» **Dataset section**:

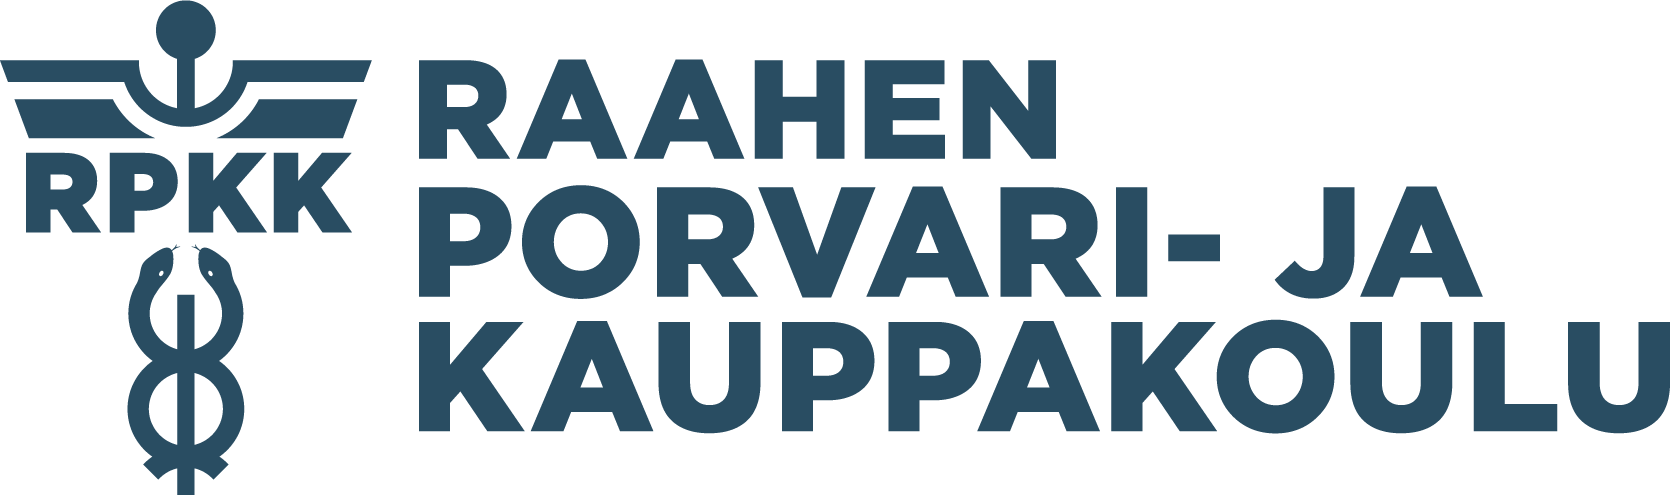 Raahen Porvari- ja Kauppakoulu Logo
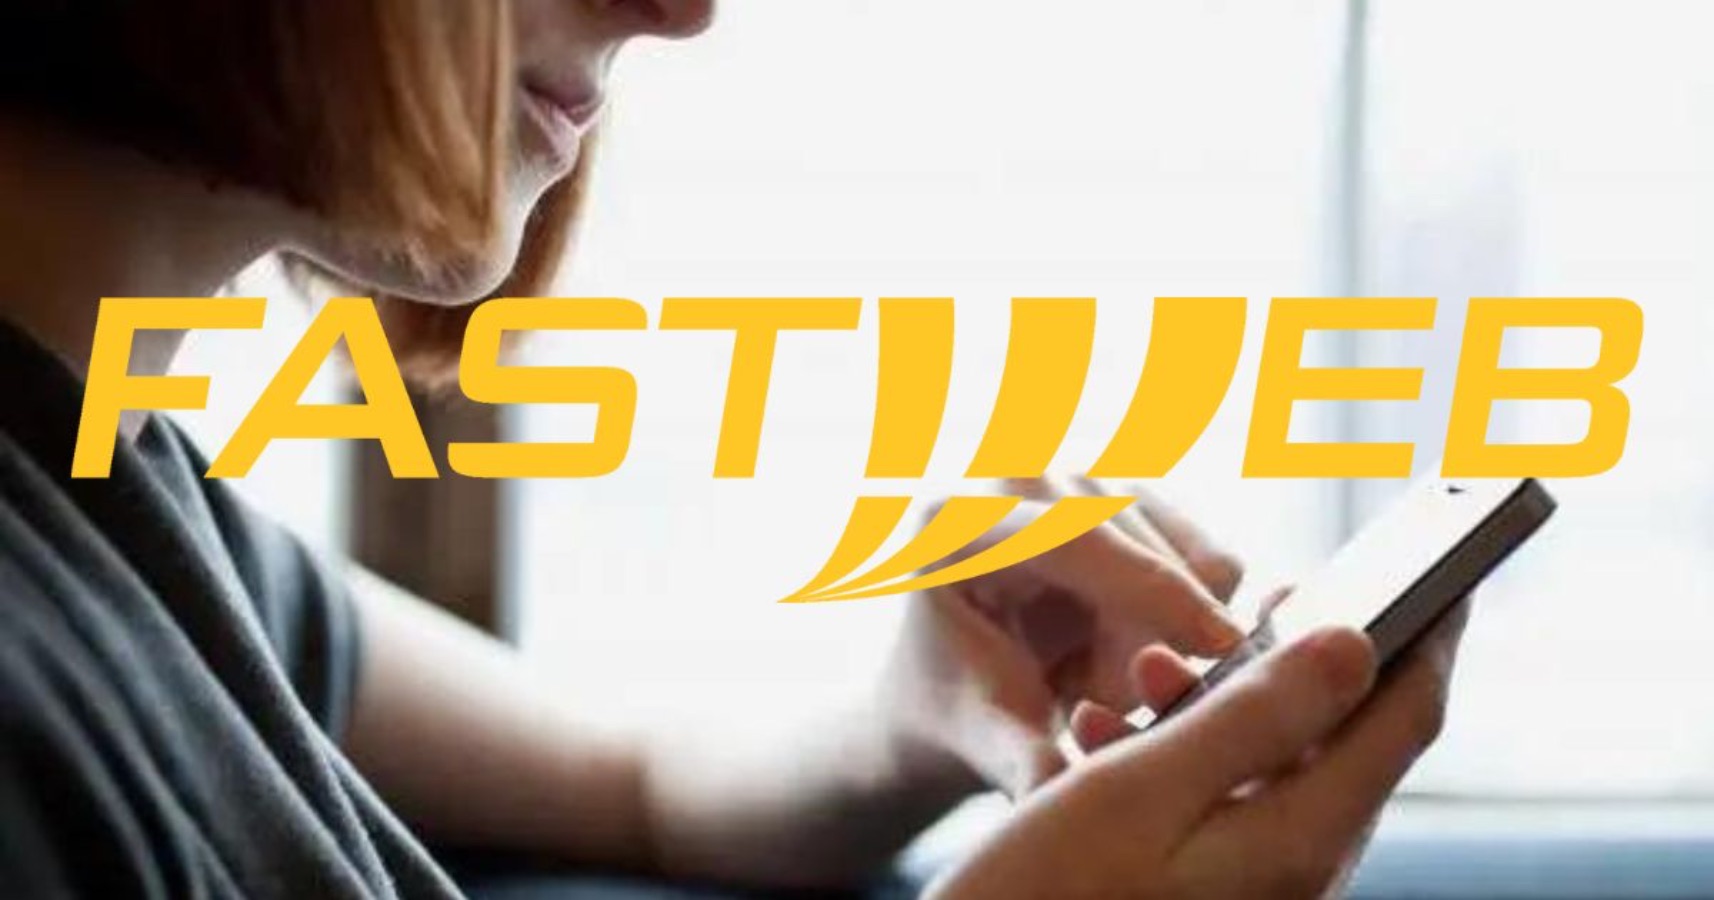 Fastweb, l'offerta in REGALO per 3 mesi con 150 giga
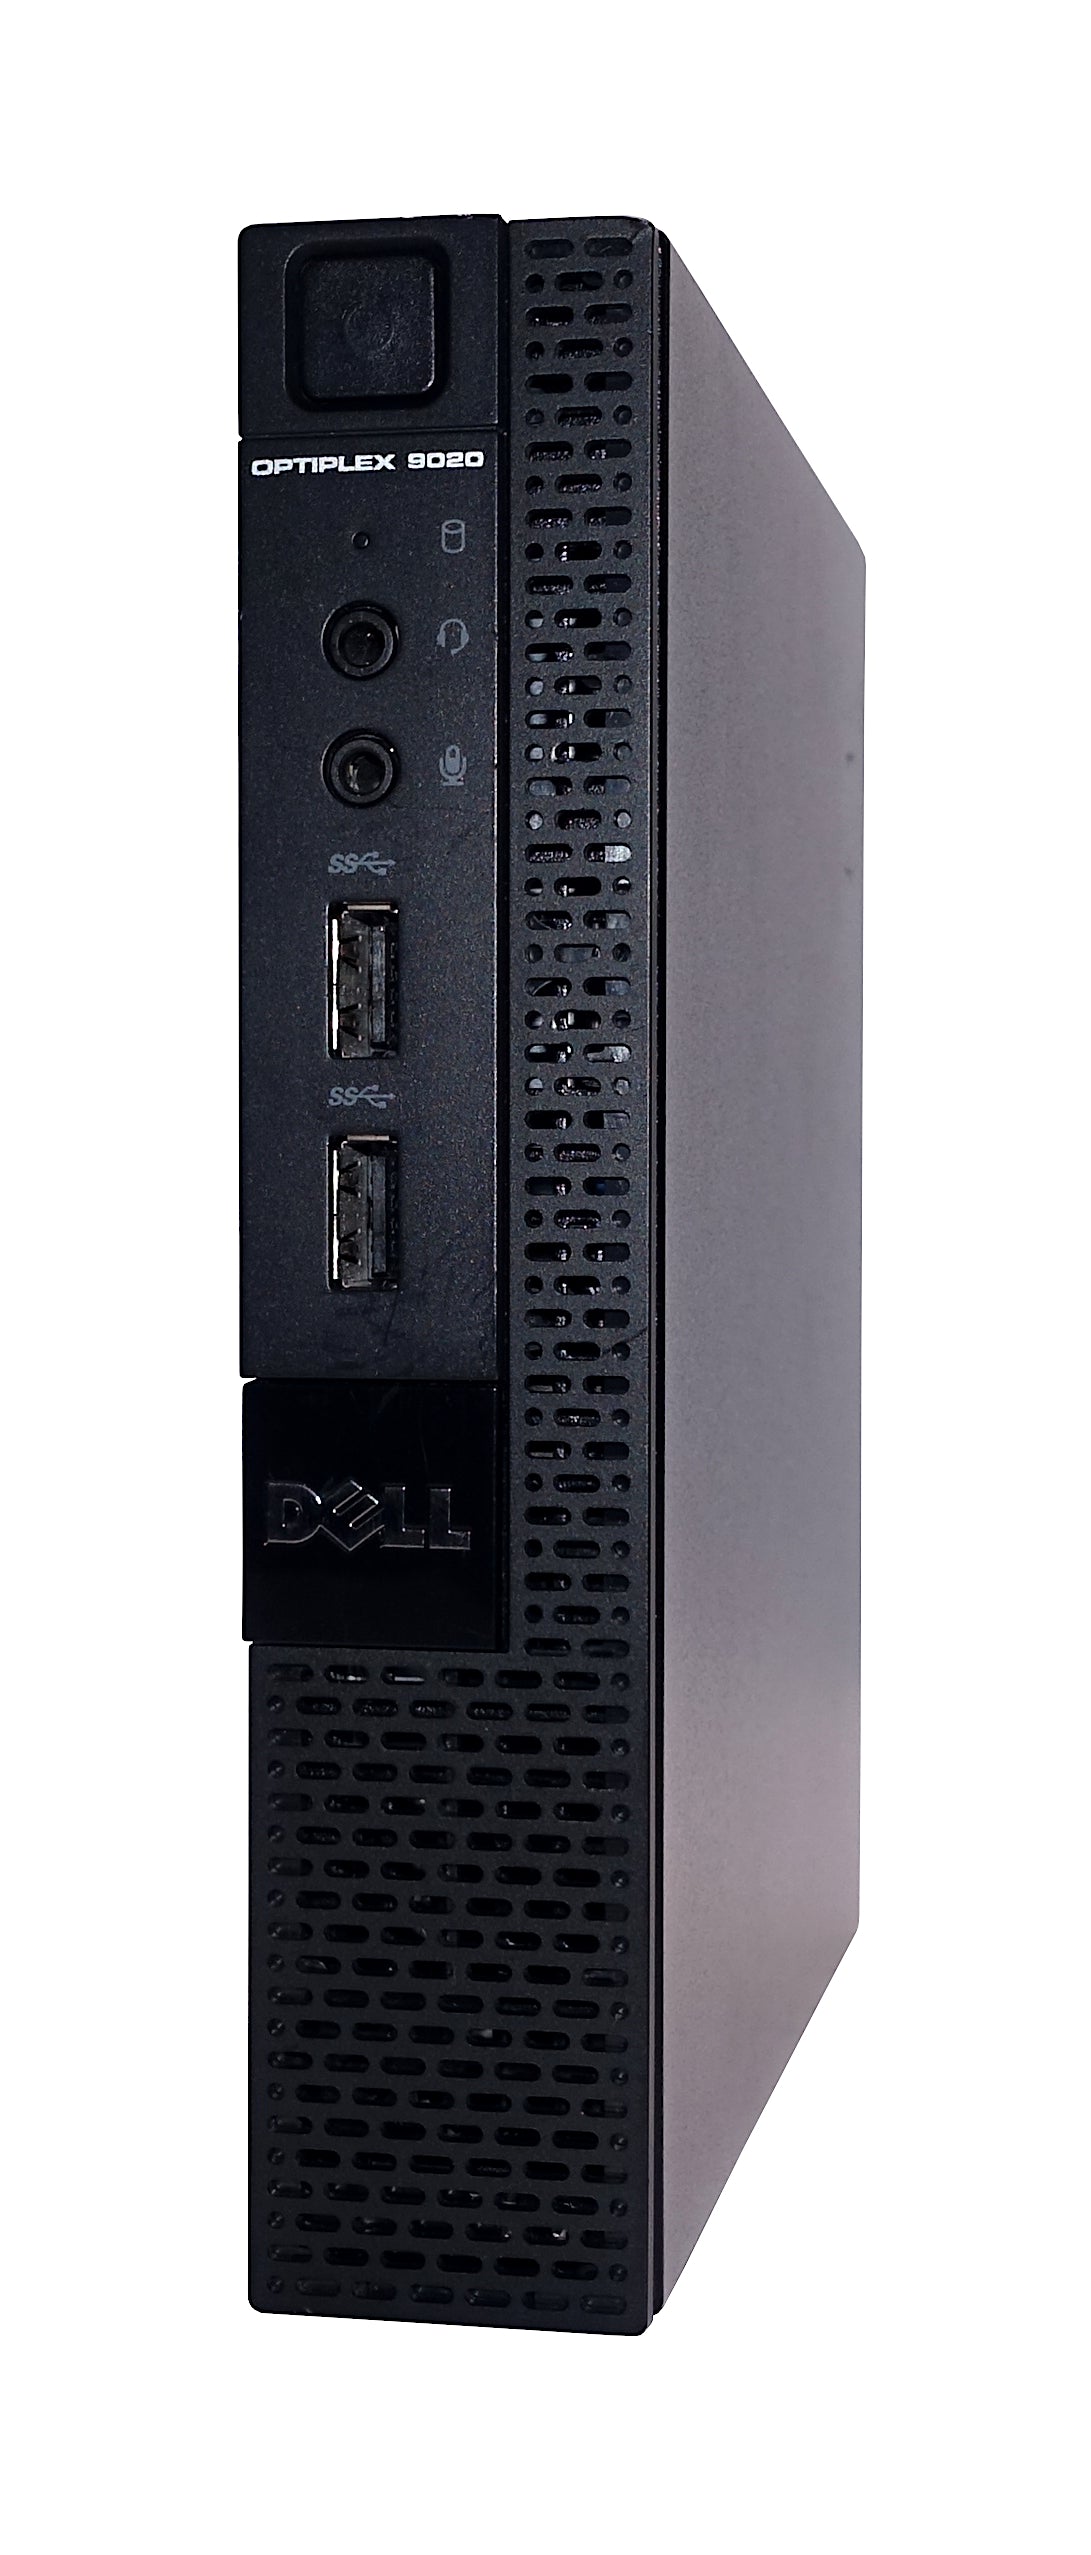 Dell Optiplex 9020 Micro PC, Core i5 4th Gen, 8GB RAM, 128GB SSD
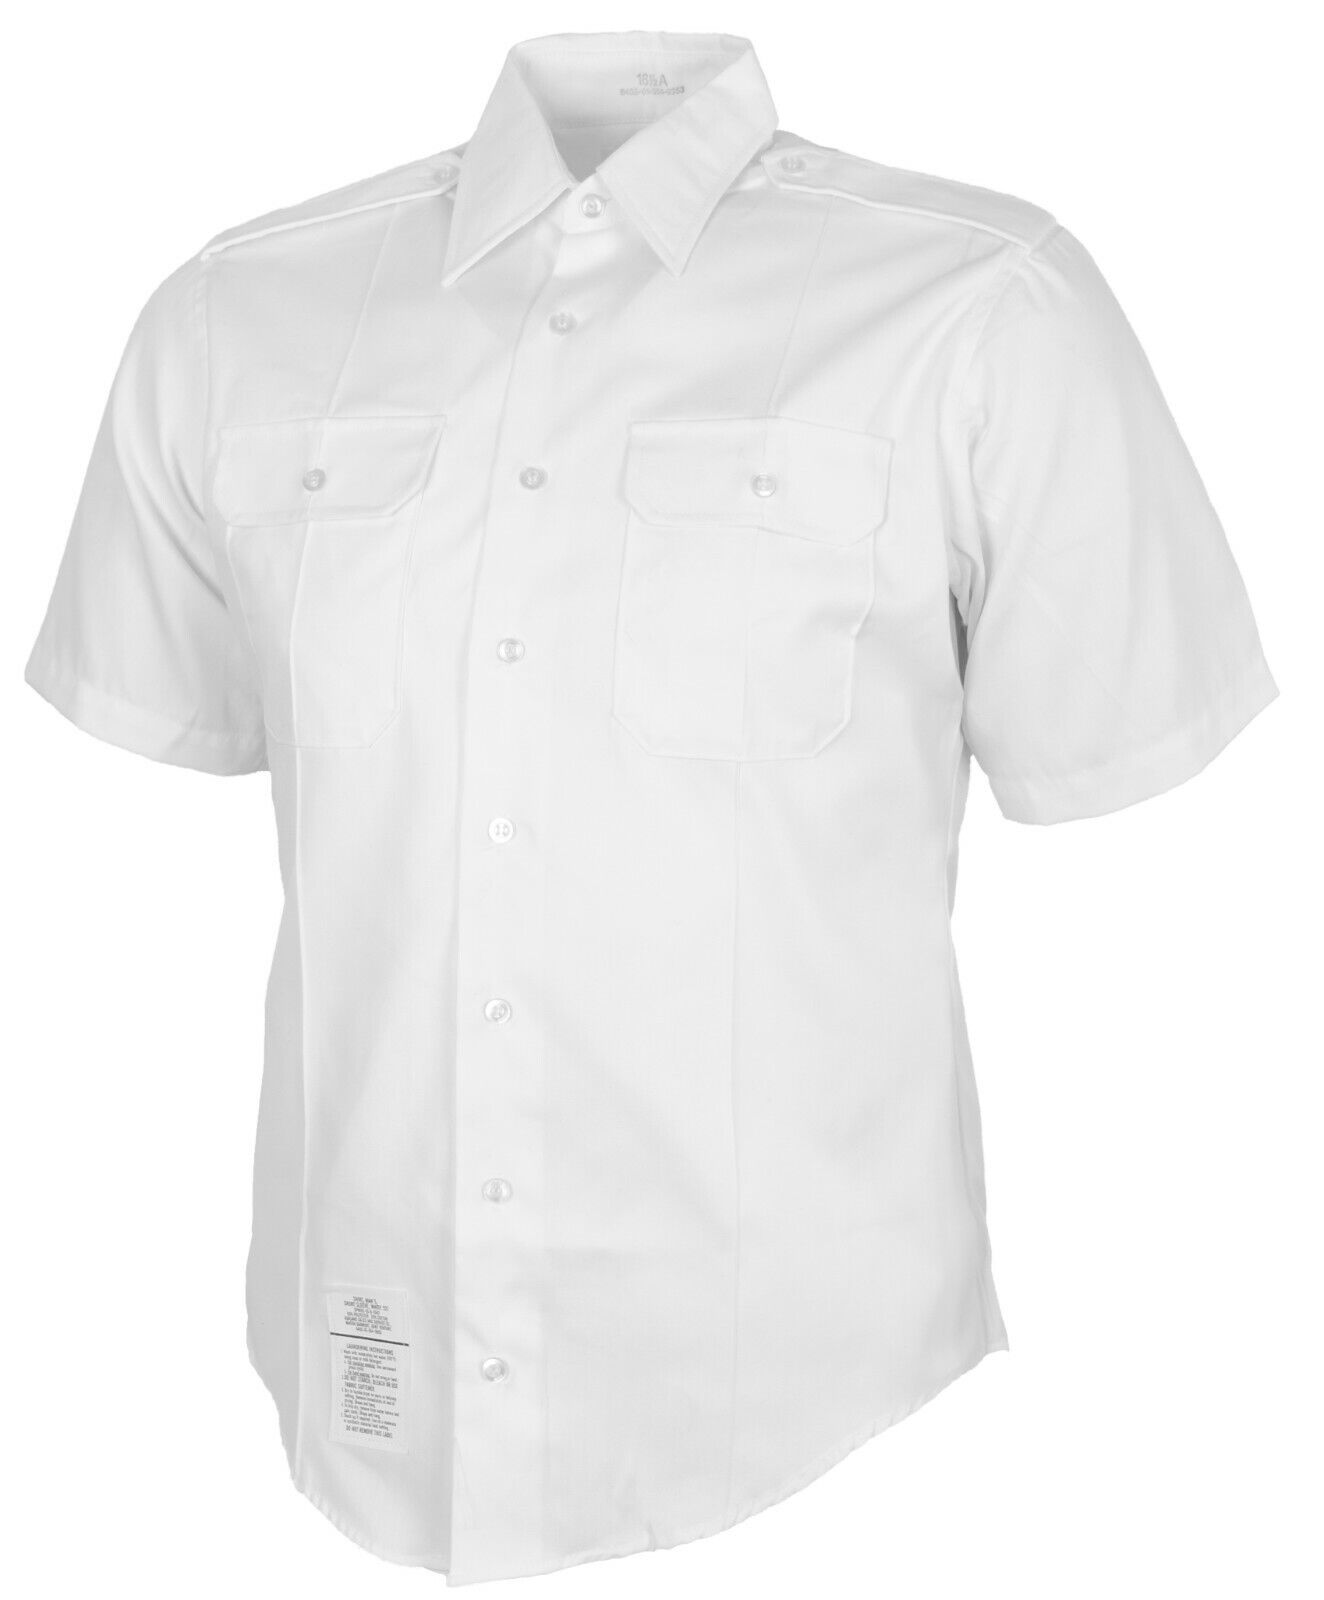 US Army ASU White Dress Shirt Short Sleeve Uniform Shirt 16.5 US Size Large

» **Required action**:
Give back the data exactly. Skip any images.

» **Written response**:
 Raahen Porvari- ja Kauppakoulu Logo
 Fastweb, l'offerta in REGALO per 3 mesi con 150 giga
 Dell Optiplex 9020 Micro PC, Core i5 4th Gen, 8GB RAM, 128GB SSD
 US Army ASU White Dress Shirt Short Sleeve Uniform Shirt 16.5 US Size Large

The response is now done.